By Lewis Herridge, Contributor via Waking Times, 17 September 2013

The dictionary definition of resourceful is as follows; Able to act effectively or imaginatively, especially in difficult situations. It is also closely connected to the words ingenious, ingenuity and inventiveness. All words of which, describe the power of creative imagination, a characteristic that defines our very human experience. It is the ability to use our hands and mind together and is something that no other creature has.

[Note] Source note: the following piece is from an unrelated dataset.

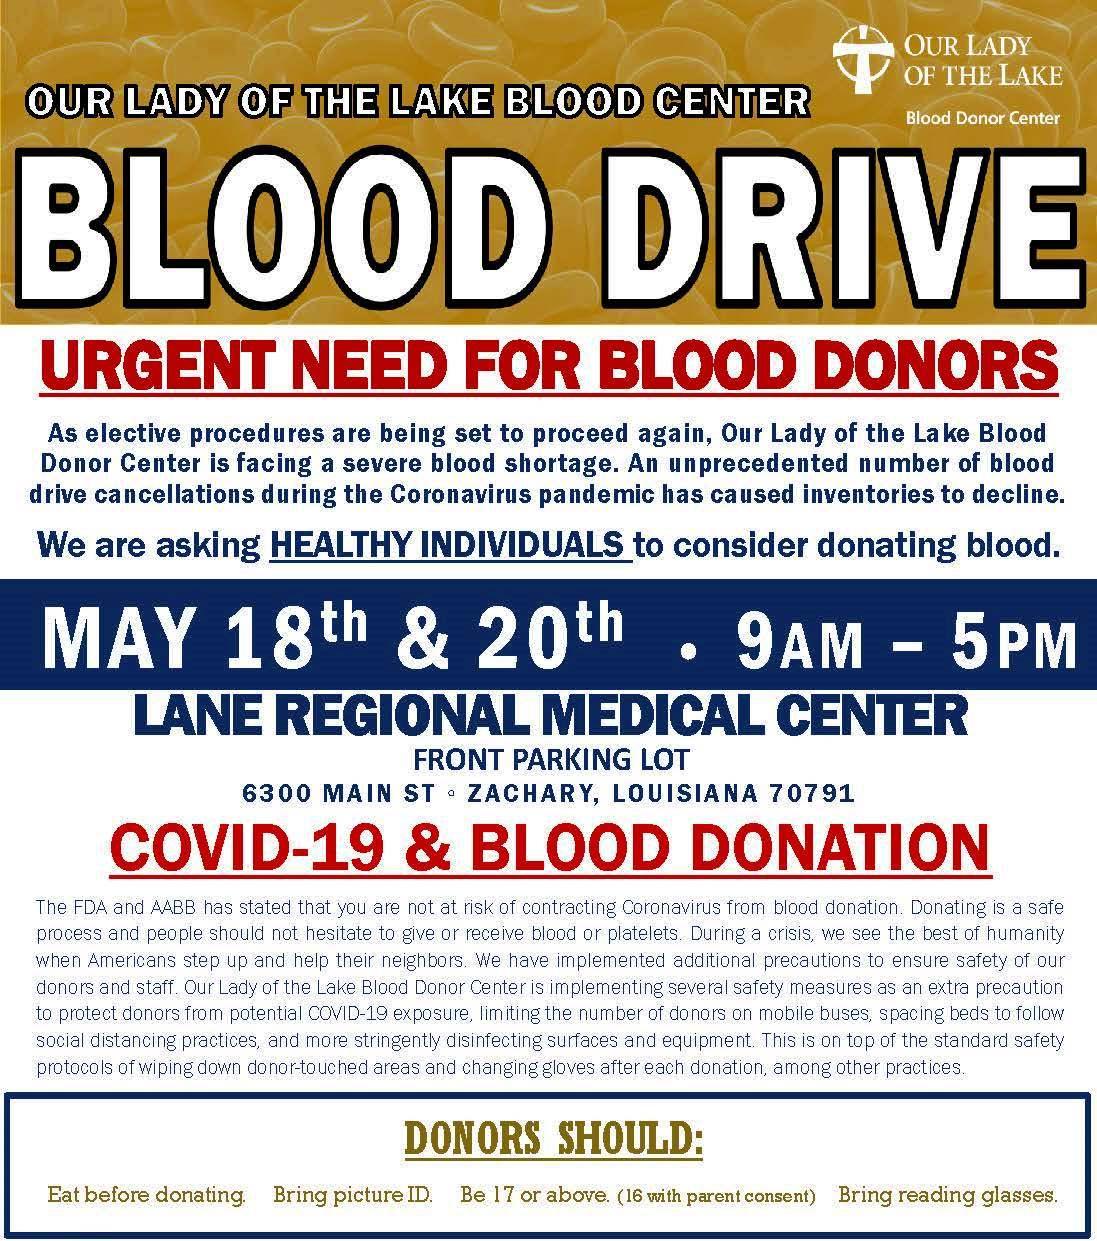 Urgent Need Blood Drive at Lane Regional

We all have this innate skill that is built into our very psyche. It is as natural as the earth beneath our feet, our ancient ancestors were the masters of this art, and many people worldwide are still in possession of these skills and ways of thinking; particularly those amongst indigenous people and in ‘developing’ countries. Mother Nature even shows fantastic signs of this through her ability to adapt to the harshest environments.
Having recently returned from my third trip to Uganda in East Africa, it has become abundantly clear that  the average Ugandan has a far greater ability to be resourceful than the majority of the material grabbing Western world. Particularly those in rural Uganda who make up 84.4% (29.2million) of the 34.7 Million population. Compared with 20% (12.6million) who live in rural UK (total population = 63.3million).
Many of these are self-sufficient in the sense that they require very little outside assistance. Every family grows much of their own food; they keep cows, goats and chickens. They cook using firewood from specially grown eucalyptus trees and occasionally traded charcoal. Many houses are small one or two roomed mud huts, of which the bricks are handmade, kiln dried mud often from their doorstep. It is common to see food such as maize, cassava (yam) or coffee scattered outside, drying in the sun for long term storage or to trade.  It is not a surprise to see improvised clothing and shoes or see people carrying water containers (on their head) using well folded banana leaves to protect their head. Look a little closer and you will see people making fishing nets, or fixing cars or tools. As a result, they automatically recycle most things, as somehow someone finds a use for it, to help make their life just that little bit more comfortable.
Their society, laden with problems from HIV, malaria, poor education and a violent political history all contribute to instability but I would argue that our good old friend in the form of worthless paper printed currency is the major culprit. The average Ugandan scratches a living on a measly $2 per day (£1.25). Families are often large and this does not go far.  The average Ugandan has a very tough life; in a way that is un-heard of in the western world. However, their resourcefulness shines through.
So why does this matter? Well, apart from the injustice of millions of human beings living in squalor while we sit at home on our smart phones in blissful ignorance to the fact that we possess the technology, resources and knowhow to help these people. Or is it the fact that our supposedly elected governments spend trillions of pounds to wage un-justified conflicts in the name of peace that could be spent making peace.
Apart from these side notes and many more, we as a society have become useless consumers unable to provide for ourselves in any other way apart from throwing money at the situation. We have almost entirely lost our creative flair and our very resourcefulness.
ot long ago at one of my, unfortunately rare, visits to my grandparents’ house I found myself expressing my frustration at this topic. Perhaps not surprisingly in hindsight, they too had lots to say on the subject. Both of them are no strangers to a life of resourcefulness; Gran, a dab hand in the kitchen, able to produce prize worthy cakes, biscuits, jams, chutneys, pickles and other fantastic foods. Granddad; a carpenter by trade with a fully functioning workshop at the end of the garden and a house full of his own hand made tables, chairs and grandfather clocks. Furthermore they keep and maintain a large allotment where they produce many of their own goods.
We discussed how society now makes it very difficult to allow you to be resourceful as technology is advancing at an accelerating rate and one that encourages dependence rather than self-sufficiency. Computer technology makes it very difficult to do it yourself without the technical knowledge that the majority of the population does not possess. Corporations have cottoned on to this and now things are not built to last and you need a specialist to do the fixing, which obviously comes at a price!
The combination of technology and corporations have stolen our human resourcefulness as we are not learning how to do things, not encouraged to repair things and as a result we must therefore buy things from new.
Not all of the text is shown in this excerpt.